Vivir en el paraíso
No sé si escribo sobre lo que conozco, sobre lo que imagino
o sobre lo que sueño, pero casi que tanto da. Hace mucho calor y la tinta se
espesa como el tiempo en un reloj de arena. Es del todo cierto y demostrable
que todos los hoteles, hostales y apartamentos turísticos de nuestras islas son
tan elegantes y lujosos como el Four Seasons George V, de Paris o el Plaza
Athenee, de Nueva York.
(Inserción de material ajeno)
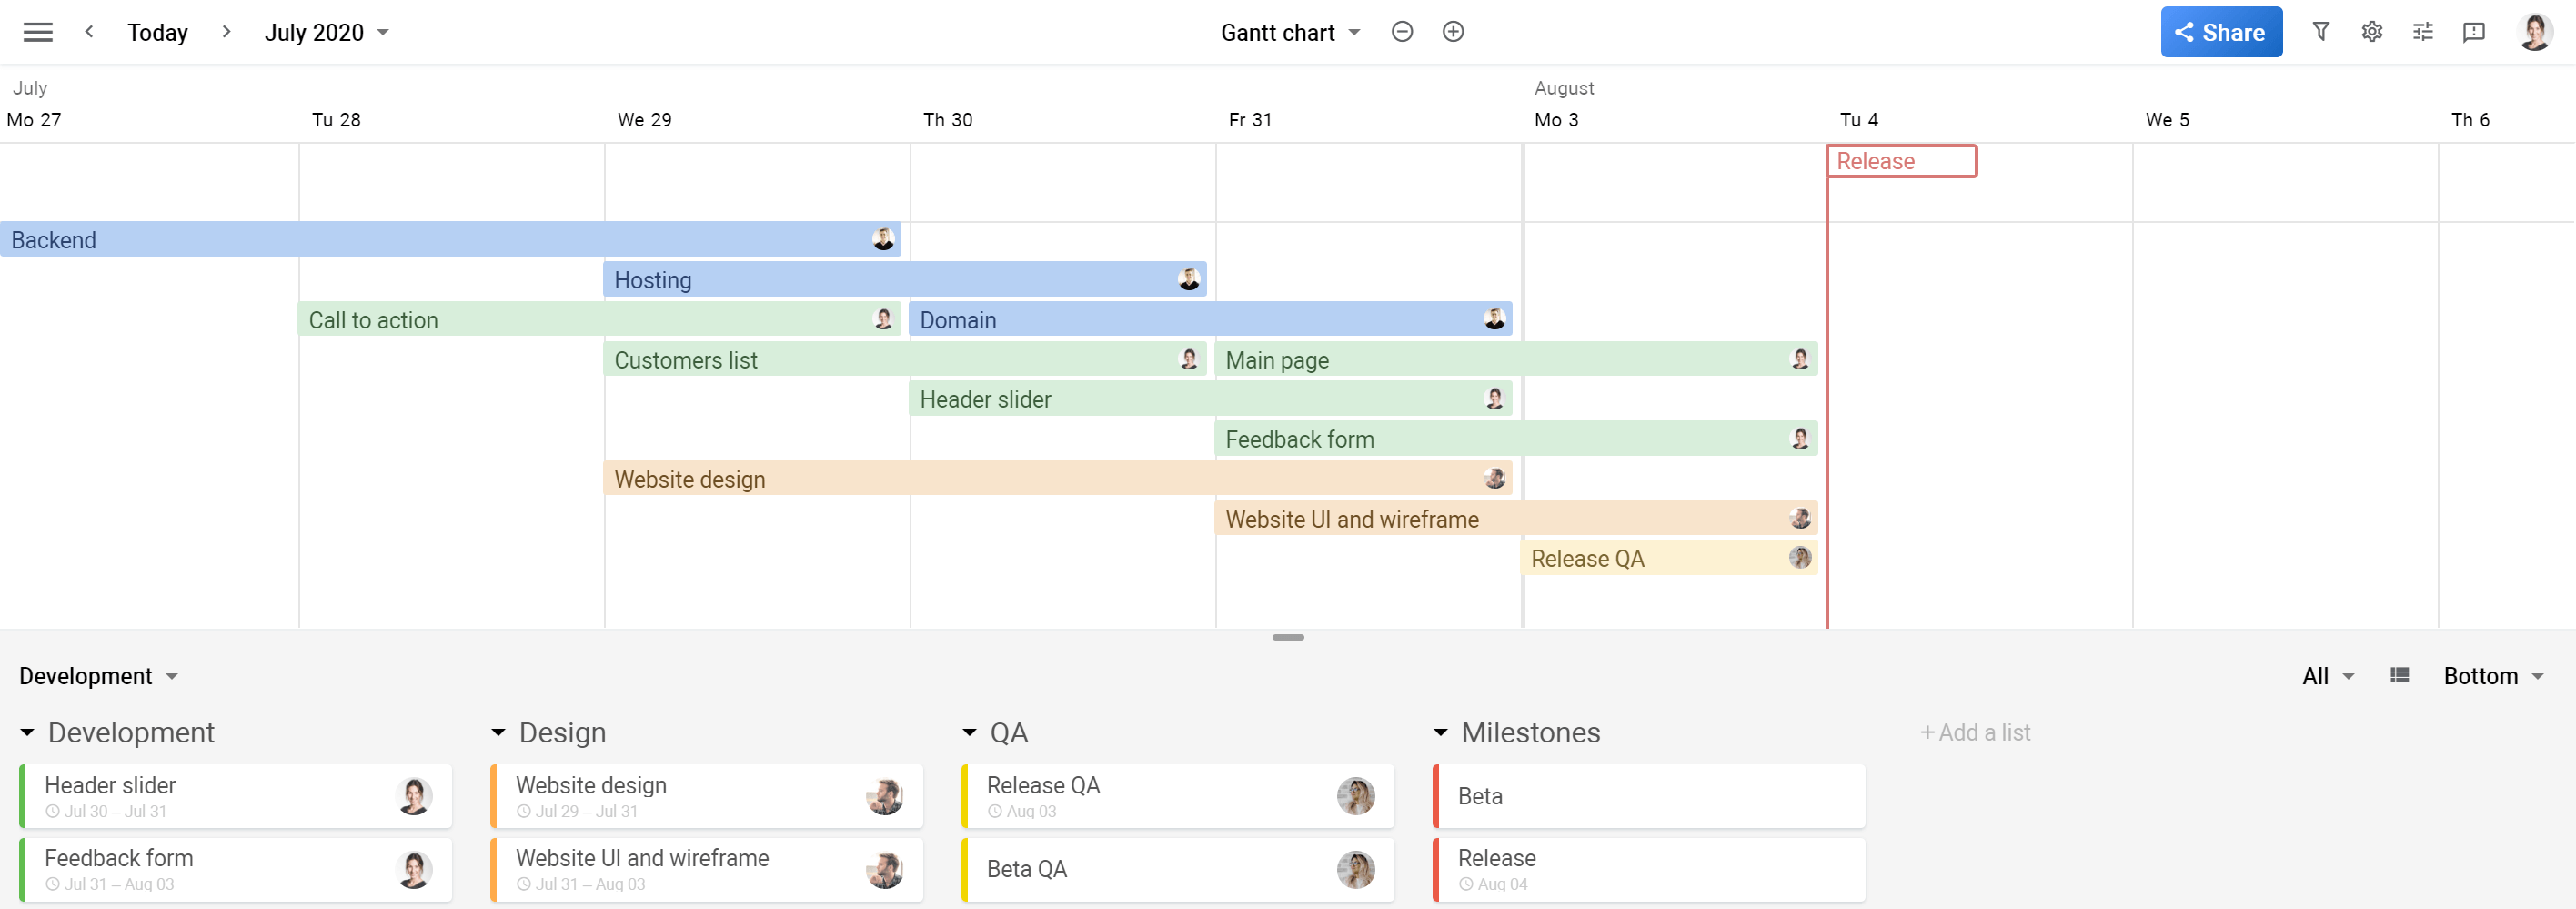 Planyway Team timeline gantt chart

Todos los bares, bebederos y chiringuitos de Mallorca, Ibiza,
Menorca o Formentera son exactamente tan selectos y refinados, tan voluptuosos
como The Nightjar en Londres o Black Pearl, en Melbourne, Australia.
Pero hay más. No podemos olvidar, por supuesto, que la popularísima
milla de oro de Palma, sin ir más lejos, es mucho más que un rinconcito simbólico
en los alrededores del Paseo del Borne: es la ciudad entera convertida en un
privativo bazar propio de las mil y una noches donde todo lo que se vende es
único, auténtico y exquisito, pura exclusividad bañada en el maná áureo con el
que tan sólo los dioses se diseñan a sí mismos. ¿A quién iban a diseñar si no?
Está claro, además, que todos, absolutamente todos los
isleños -sobre todo los mallorquines, claro- vivimos en palacios tan
inigualables como el de Marivent, por citar uno modesto, con sus frondosos jardines
botánicos y sus cuidadísimos museos de arte conceptual al aire libre. Bien
mirada, Palma entera es un auténtico oasis, un recuerdo afrodisíaco del paraíso
que otros, tal vez, perdieron, pero no nosotros, qué va, una composición
infinita de espacios verdes y zonas lúdicas o deportivas, una sucesión interminable,
alejandrina, de bibliotecas y teatros, de cines abiertos hasta más allá del
amanecer, un enjambre cuántico de tranquilas y seguras calles peatonales y ordenados
carriles bici donde ser otra cosa que feliz es casi, casi, del todo punto
imposible.
Debe ser por esto, para no desaprovechar, en definitiva,
nuestras inigualables y ecológicas instalaciones turísticas y de todo tipo que
el PSIB-PSOE se ha propuesto, según leo, limitar el turismo que nos llega (que
llega a las islas ebrio y en tanga y ebrio y en tanga pasa sus días amarrado al
run-run de las olas y los barriles de cerveza, al sol terrible y la resaca, al
valor añadido de esa especie de salvoconducto virtual que es una pulsera de
plástico con un chip averiado y el todo incluido: la hora feliz perpetua,
abrumadora, insaciable) y dejar, tan sólo, que sea el turismo de «alto standing»
el único que nos visite, porque no en vano es también el único capaz de
apreciar, realmente, la grandeza sutil, incuestionable, de nuestros tesoros
culturales, económicos, medioambientales y hasta lingüísticos, si se tercia. ¿Clasismo
a la vista? No, es que vivir en el paraíso es algo muy serio. Claro que sí.